I knew. “And Brave questions you about this under hypnosis?”
“Yes, at least I think so, it’s hard to remember when I come out of it.”
“Does it do you any good do you think?”
She wrinkled her forehead and drew a deep, slow breath; she was treating the question as if it contained a mint fresh idea she’d never heard before.
“I thought it did at the time,” she said, “now I’m not so sure. No, that’s not true, now I don’t think it did. On and on about safes and things…”
“Safes? Brave asked you about safes?”
“I think so, yes. But I don’t know anything about safes. He said they were symbolic, the womb and all that. I couldn’t ever seem to satisfy him about it.”
She was getting tired and all this forced recall was making her edgy. She still looked a lot better than she had when Brave was doing his Svengali bit all over her though. I told her to get into bed and she did it.
“There’ll be a nurse here soon. You might as well spend the night. Then in the morning, if you feel up to it, I think you should check yourself out and go see a good doctor. Get the diabetes straightened out. Will you?”
She sniffed and wrinkled her nose before answering me.
“What’s that smell?” she said.
I lifted my hands. “Cordite, I’ve just fired a shotgun.”
“Did you kill him, the man with the bandaged face?”
“Yeah.”
“He looked blind.”
“He was meant to, he wasn’t though.”
She nodded, then glanced across at the dressing table, on it was a white plastic case, about four inches tall, with a screw top, and a roll of cotton wool. She gave the kit a look I’d seen before — it was her lifeline and her cross.
“Do you inject yourself?” I asked.
“Mostly, not in here though.
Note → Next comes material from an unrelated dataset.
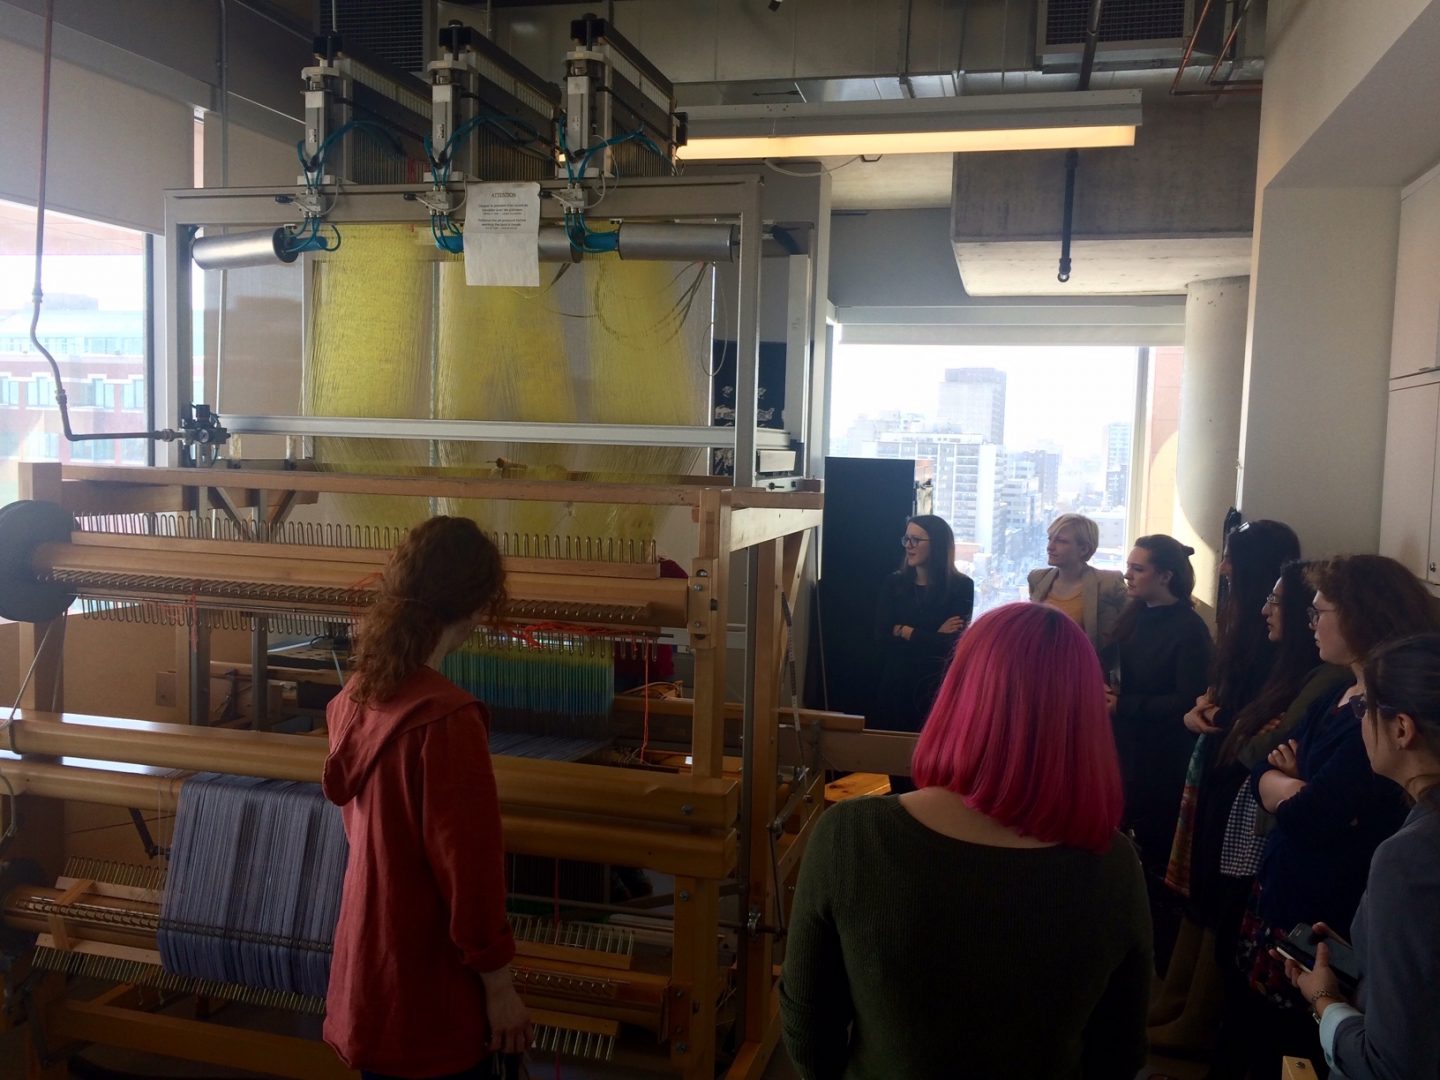 Geneviève Moisan and Claire Nadon demonstrate the Jacquard loom in the Textiles and Materiality Cluster at the Concordia Milieux Institute.

Do you know anything about diabetes?”
“Not much. My mother was one, but she was a drinker. When she was on a binge it used to go all wrong and she’d get in a bad way.”
“I’m not a drinker,” she snapped.
“No, but you’ve got a problem with your condition just the same. Will you see another doctor?”
She lifted the sides of her hair up and let her fingers slip through the soft waves. She still looked tired, older than she should, but there was some shine in her eyes that could just possibly be hope.
“I don’t know why I should let you tell me what to do,” she said. “But yes, I will. I’m still interested in your investigations. Will you let me know how they proceed?” I said I would. “And I’d like to see Ailsa in hospital,” she went on, “if I can be of any help I will.”
I had some red Codrals from the night before in my pocket and I offered them to her as a sedative. I thought she might need them to get to sleep in a building where a man had died the hard way. She took them.
“Thank you, Mr Hardy. Dr Brave would never allow any kind of sedative. I’d lie here for hours some nights. Thank you.”
“Good night Miss Gutteridge.” She swallowed the tablets with some water and let herself slide down the bank of pillows. “Susan,” she said. “Goodnight, Mr Hardy.”